By Diane Conners
---- — The school year is about to start. And after the Republican and Democratic conventions, Congress will be back in session. Many are hoping Congress will resume debating the new Farm Bill, including provisions that could mean more fresh, local food for students in schools.
But first, the story of Ron Adams, a food service director for a school district in Portland, Maine, who buys lots of local food for his school. Election-year politics related to the Farm Bill could kill chances in Michigan for a program like his.
Because Mr. Adams' school district was part of a federal pilot program in the mid-1980s, he can do something few food service directors around the country are allowed to do — instead of drawing down on a line of credit for products the U.S. Department of Agriculture buys at bulk prices for schools around the country, he can use that line of credit to purchase products on his own — including locally grown food.
Last year, he directed about 10 percent of his commodity purchasing, or about $16,800, to help his district spend a total of $125,000 on food grown by farmers in a 200-mile radius.

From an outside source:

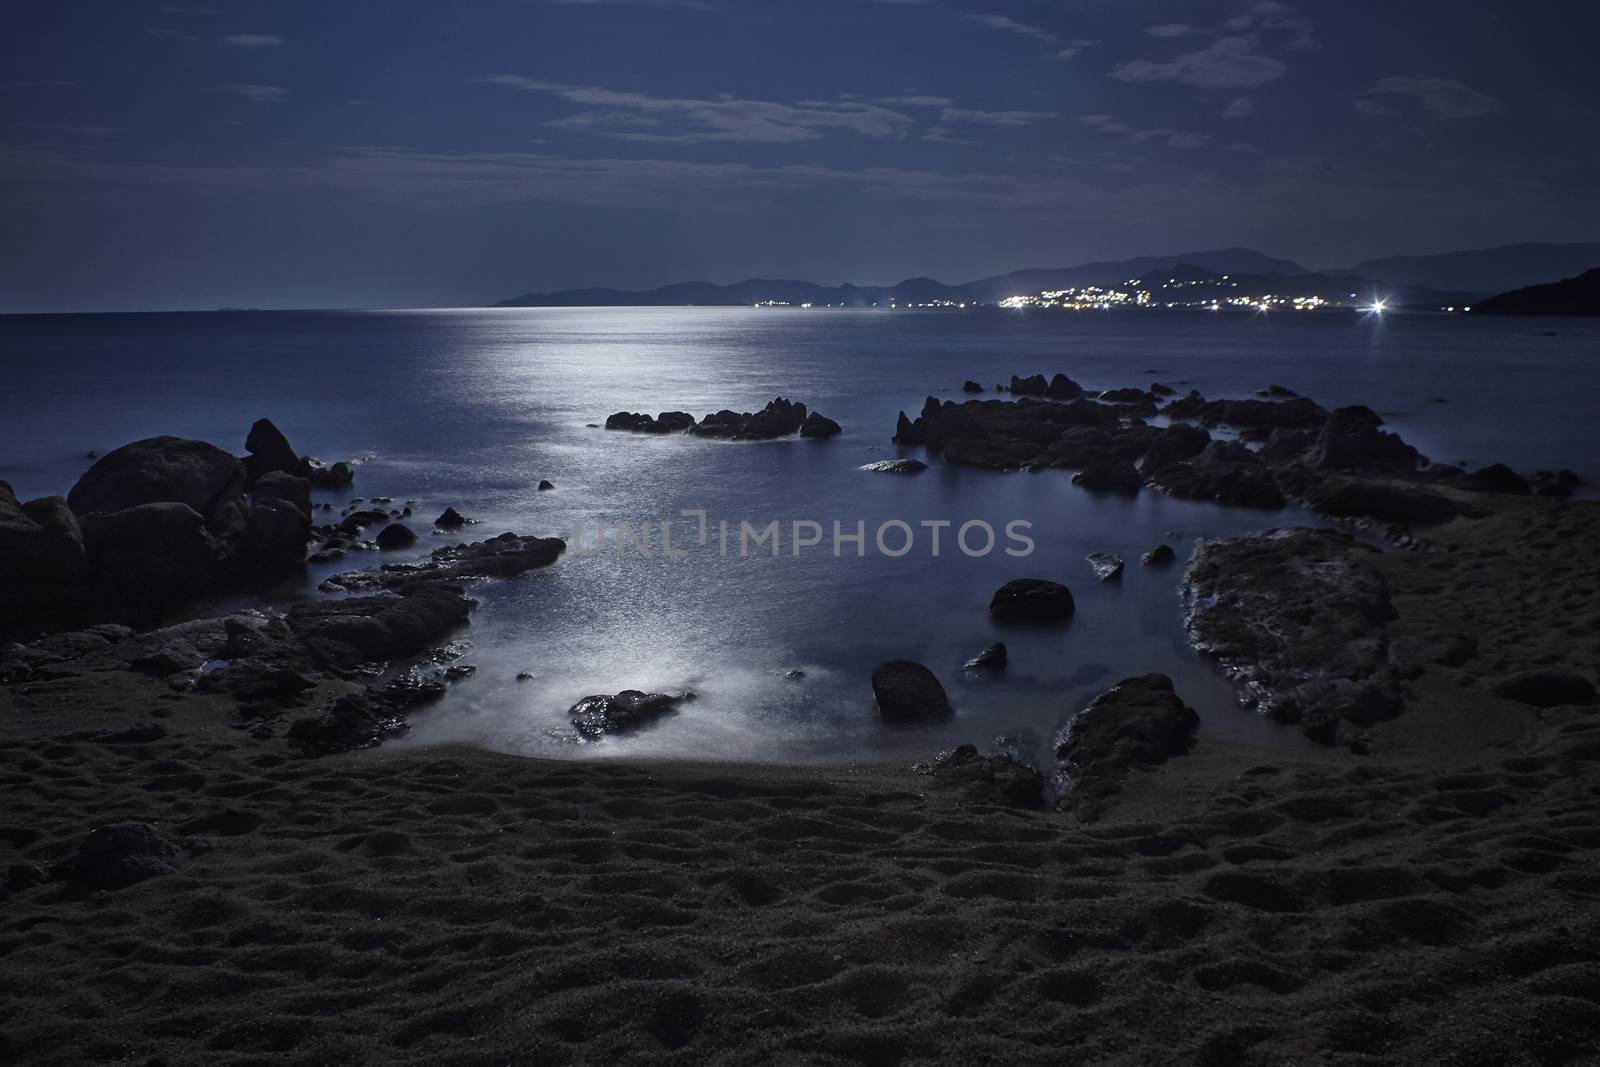 The peace and tranquility of the sea at night by pippocarlot

Mr. Adams' district could easily be in northwest Lower Michigan. It has 7,000 students. Traverse City Area Public Schools has 10,000 students and it, like many other districts in our region, is working to purchase more locally grown foods. Our schools are part of a nationwide movement — nearly 10,000 schools across the country now have "farm-to-school" programs, up from only two known programs 13 years ago.

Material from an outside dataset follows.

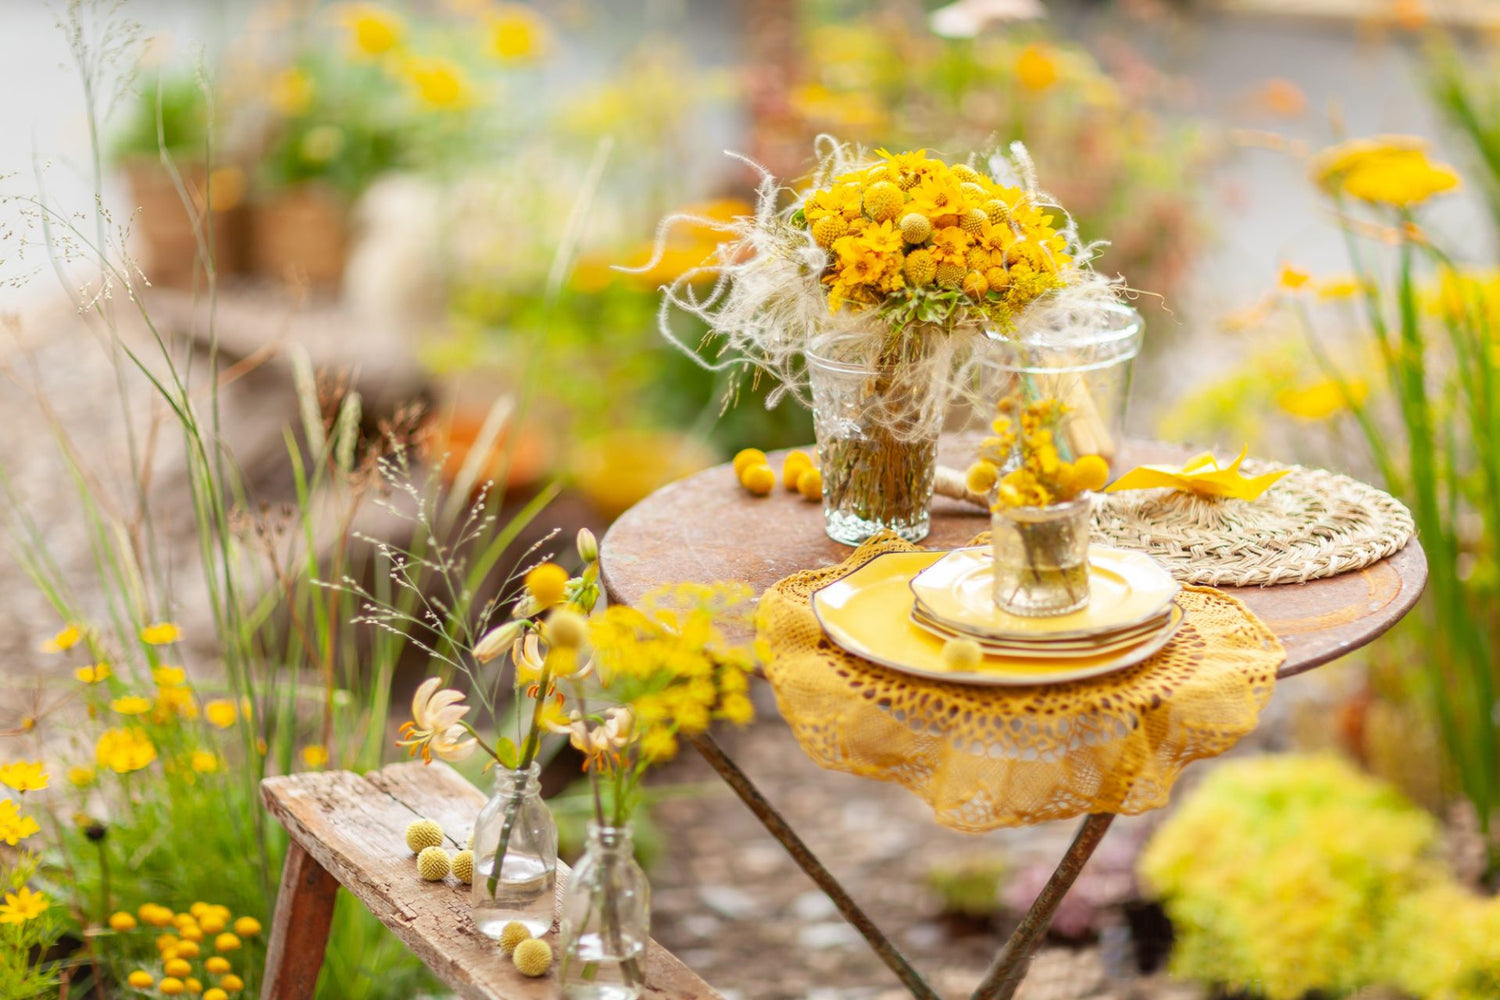 zoom in of a yellow flower staging

The good news is that, in the currently debated Farm Bill, both the full Senate and the House Agriculture Committee have recognized the growing interest among schools in buying fresh, local farm products.
The House Agriculture Committee's version would allow schools to use their commodity dollars to buy locally grown food, like Mr. Adams does. The Senate bill calls for something different — approval of at least five pilot projects across the country that facilitate new ways for schools to purchase locally grown food; including, but not necessarily, with commodity dollars. Commodity dollars typically make up about 20 percent of school lunch funding.

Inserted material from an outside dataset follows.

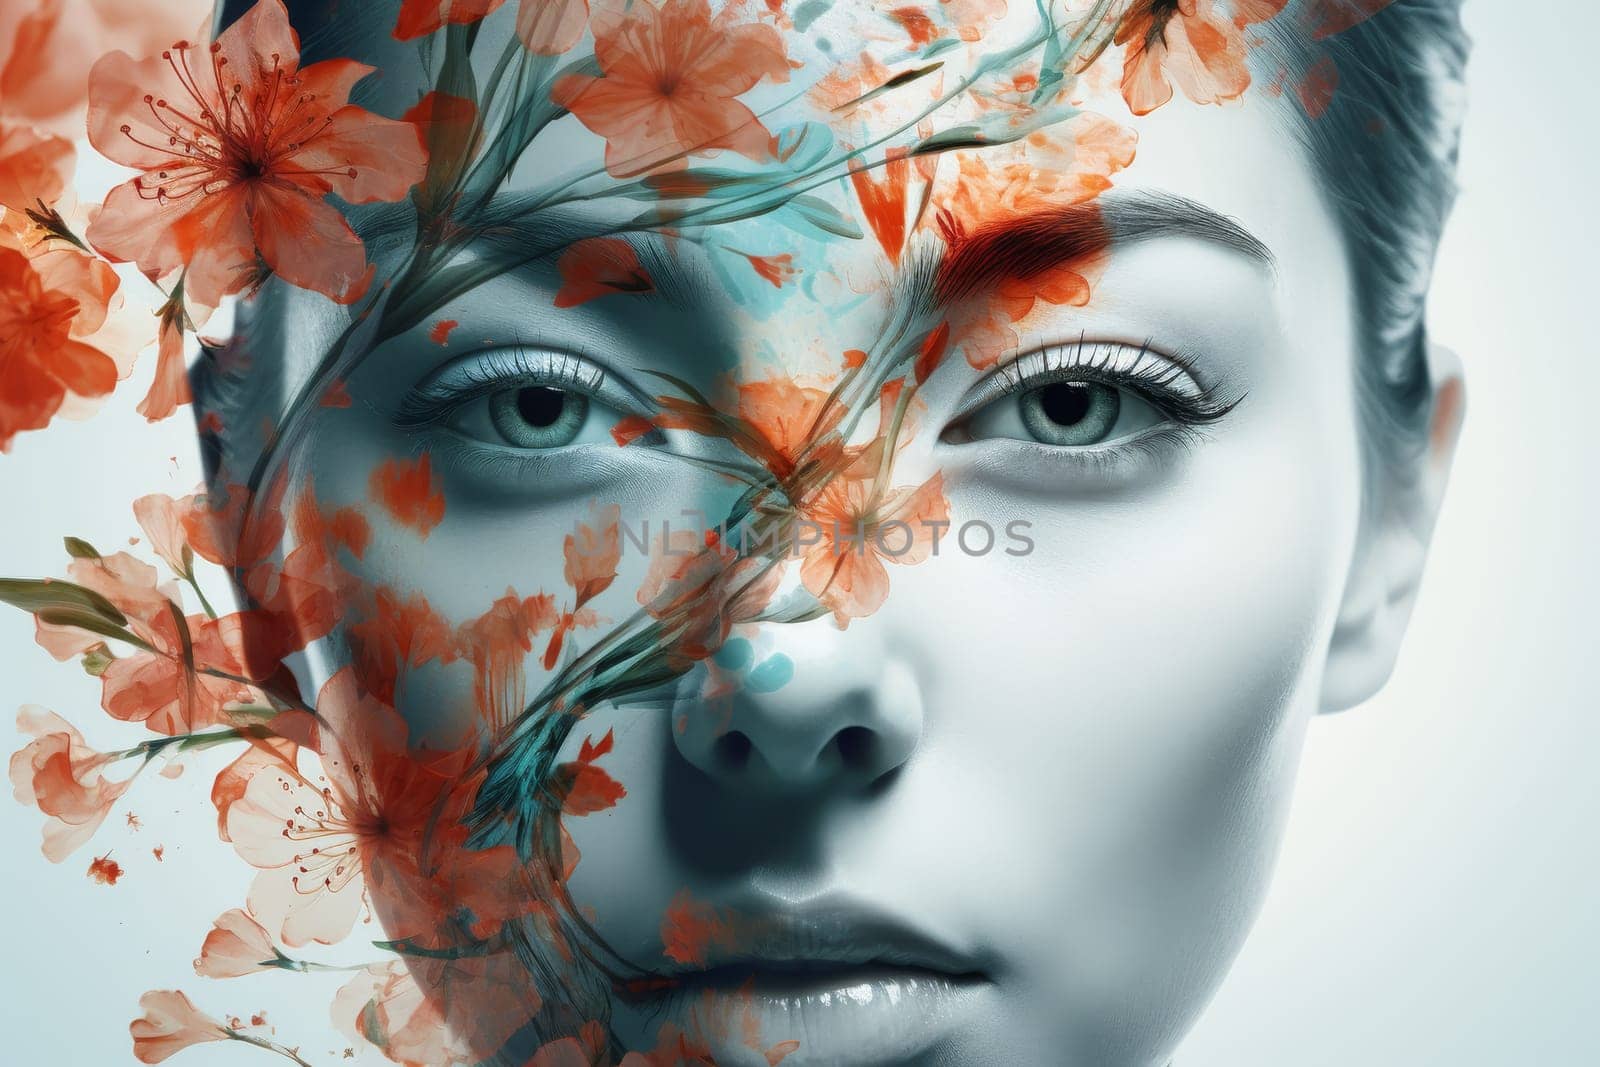 Double exposure portrait of a beautiful woman with bright spring flowers superimposed on her face

The bad news is that the Farm Bill could get caught up in election-year politics, and both options could vanish. Other important Farm Bill provisions for local food and farms are at stake — support of the fruit and vegetable industry, expansion of programs like Michigan's Double Up Food Bucks to help low-income families buy food in farmers markets, and land conservation. But the House must first pass a bill, then the Senate and House can negotiate a compromise and turn it into law.
Those who promote farm-to-school programs stress that food and agriculture can be integrated into a curriculum that promotes both education and healthy eating. A school garden is a super science lab.
And the Farm Bill reminds us of a civics lesson: Citizens should drop what they're doing to tell their elected leaders what they want them to do.